Als die Menschen Ende des 20. Jahrhunderts begannen, mehr Zeit im Weltraum zu verbringen, begannen die Astronauten, auf Lehren aus einem Jahrhundert des Pflanzenanbaus in der Antarktis zurückzugreifen.

Im Jahr 2014 installierten NASA-Astronauten ein Gemüseproduktionssystem an Bord der Internationalen Raumstation, um das Pflanzenwachstum in der Mikrogravitation zu untersuchen. Im folgenden Jahr ernteten sie eine kleine Salaternte und aßen etwas davon mit Balsamico-Essig. So wie Antarktiswissenschaftler seit vielen Jahren argumentieren, hat die NASA behauptet, dass der ernährungsphysiologische und psychologische Wert frischer Produkte eine „Lösung für die Herausforderung von Langzeitmissionen im Weltraum“ ist.

Bis heute spielt die Antarktisforschung eine wichtige Rolle für die Raumfahrt. Im Jahr 2018 startete Deutschland in der Antarktis ein Projekt namens EDEN ISS, das sich auf Techniken zum Anbau von Pflanzen und deren Anwendungen im Weltraum in einem halbgeschlossenen System konzentriert. Wachsen Sie Pflanzen in der Luft, während ein Sprühgerät chemisch angereichertes Wasser auf ihre Wurzeln sprüht. Im ersten Jahr konnte EDEN ISS genug frisches Gemüse produzieren, um ein Drittel der Ernährung einer sechsköpfigen Besatzung zu decken.

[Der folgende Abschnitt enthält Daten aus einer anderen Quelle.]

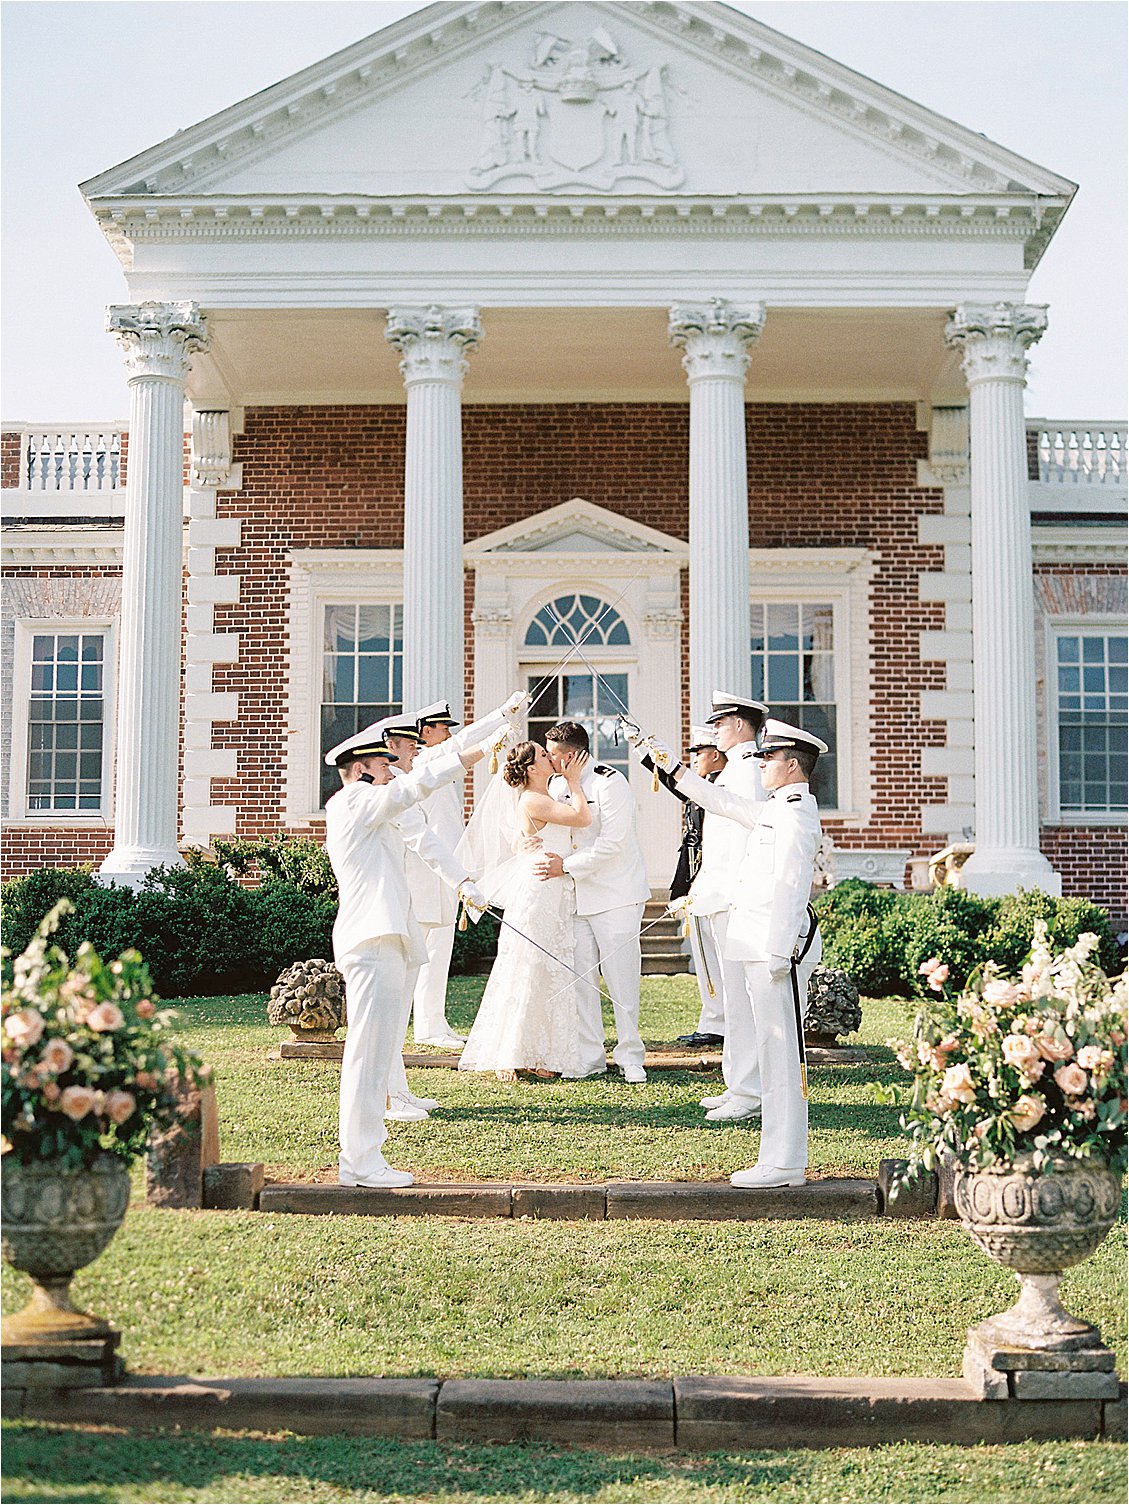 Classic Navy Sword Arch at Summer Wedding at Whitehall in Annapolis with Annapolis + Destination Film Wedding Photographer, Renee Hollingshead with Adriana Marie Events, Crimson & Clover Floral Design, White Glove Rentals, and more

Wie in der Geschichte der Antarktis steht die Frage, wie Pflanzen gezüchtet wurden, im Mittelpunkt jeder Diskussion über mögliche menschliche Siedlungen auf dem Mond oder dem Mars. Die Menschen gaben schließlich ihre Bemühungen auf, die rauen antarktischen Landschaften für die Produktion von Nahrungsmitteln zu kultivieren, und wandten sich dafür künstlichen Technologien und Umgebungen zu. Aber nach mehr als einem Jahrhundert der Praxis und dem Einsatz modernster Technologie konnten in der Antarktis angebaute Lebensmittel nicht mehr lange so viele Menschen ernähren. Bevor Menschen zum Mond oder Mars geschickt werden, wäre es ratsam, zunächst festzustellen, dass eine Siedlung inmitten der kalten südlichen Ebenen der Erde alleine überleben könnte.

Daniela McKay ist Assistenzprofessorin für Geschichte an der Texas Tech University.